Clustered sequence data of each pseudochromosome.
Group	Sequence Number	Sequence Length (bp)
Lachesis Group 0	281	57,814,068
Lachesis Group 1	138	53,811,674
Lachesis Group 2	231	55,297,032
Lachesis Group 3	234	51,878,843
Lachesis Group 4	161	45,427,400
Lachesis Group 5	294	48,951,038
Lachesis Group 6	144	39,736,525
Lachesis Group 7	191	41,298,315
Lachesis Group 8	137	35,748,794
Lachesis Group 9	135	35,033,854
Lachesis Group 10	227	38,596,663
Lachesis Group 11	61	26,337,058
Lachesis Group 12	71	38,666,604
Total Sequences Clustered	2,305	568,597,868
Total Sequences Ordered and Oriented	257	440,341,984
Note: Ratio% of first two items shows % of clustered sequence number or length compared to contig number or genome size. Ratio% of next two items shows % of ordered and oriented sequence number or length compared to cluster sequence number or sequence.
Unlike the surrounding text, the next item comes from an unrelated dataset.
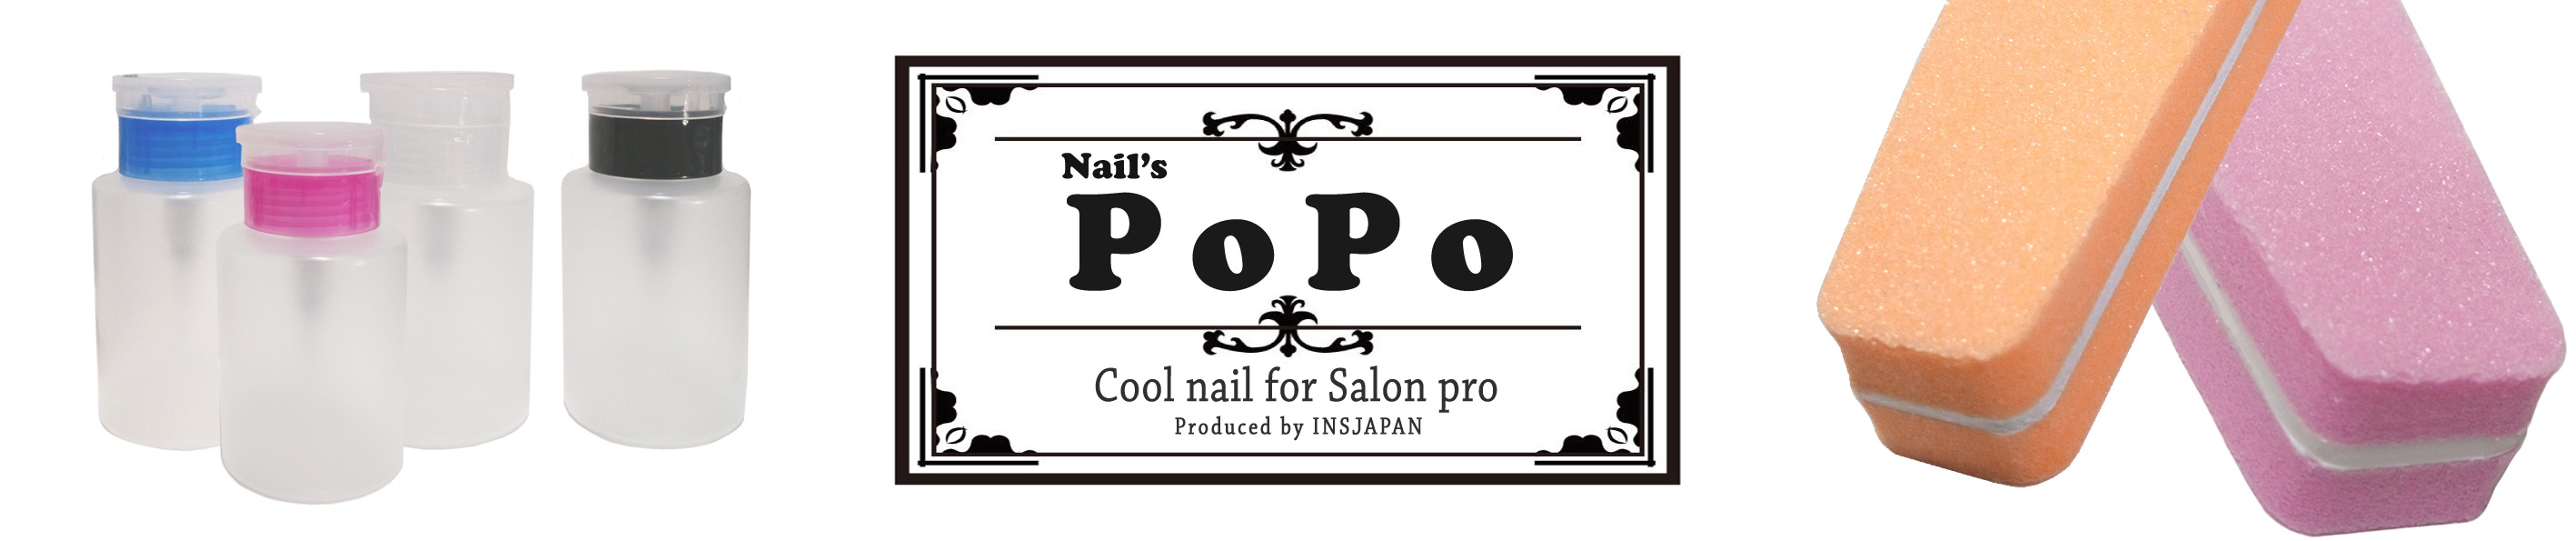 Nail's PoPo

We used the raw Illumina HiSeq paired-end reads to validate the genome assembly. Of these, 85% could be properly mapped to the assembly (Supplementary Table S5). Thus, the genome assembly contained comprehensive genome information. The Core Eukaryotic Genes Mapping Approach (CEGMA) and Benchmarking Universal Single-Copy Orthologs (BUSCO) methods were used to assess genome assembly accuracy and completeness. The CEGMA v. 2.5 alignment showed that 448 CEG proteins (97.82%) with high-confidence hits and 229 (92.34%) highly conserved full-length sequences were contained in the genome assembly. A BUSCO analysis revealed that we obtained > 93.89% (1,352/1,440 BUSCOs) genome coverage.

Annotation of the C. tora genome sequence

Using homology-based and de novo approaches, we identified 361.17 Mb of repetitive elements accounting for 58.15% of the genome. The main repetitive sequences were transposable elements (TEs) of which the most abundant were long terminal repeats (LTRs) (Supplementary Table S6). Among the Class I elements (retrotransposons), the Gypsy-, LARD, and Copia-type LTRs represented the three largest subfamilies (19.88%, 7.12%, and 6.81%, respectively). Among the Class II elements (DNA transposons), the CACTA repeats and Helitron-type elements occupied 1.68% and 1.39% of the genome, respectively. The remaining genome consisted of putative host genes (1.74%) and simple sequence repeats (SSRs; 6.82%). Most of these TEs were distributed in the central parts of the chromosomes. Most of the repeat sequence types were unequally distributed along the chromosomes. Their densities were higher in the centromeric than the telomeric regions on all pseudomolecules with similar patterns (Fig. 2). Overall, the centromeric regions were enriched in various repeat elements.

We identified 11.64% unclassified repeats in the genome. Thus, many new LTR types could be discovered in plants. We hypothesize that these TEs are different from those of the ancestral legume species and may have contributed to diversification and speciation in these plants.

A combination of homology-based, de novo, and RNA-seq approaches predicted 32,361 protein-coding genes that covered 20.37% of the genomic sequence length (126.52 Mb) (Supplementary Table S7). In total, 87.76% of the predicted genes were supported by homology-based- and RNA-seq data derived from a mixture of leaf, stem, flower, and pod tissues (Supplementary Fig. S2). The average gene size and exon number per gene were 3,875 bp and 5.09, respectively (Supplementary Table S8). The average exon and intron lengths were 239.09 bp and 528.87 bp, respectively. Of the predicted genes, 29,163 (90.12%) were functionally annotated in the NR, TrEMBL, GO, KOG, and KEGG databases (Supplementary Table S9). Most of the protein-coding genes were concentrated at the distal chromosome regions and were relatively sparse in the proximal regions on pseudochromosomes with similar distribution patterns (Fig. 2). Thus, the gene distribution was non-random and resembled that for other plant species reported [23, 24].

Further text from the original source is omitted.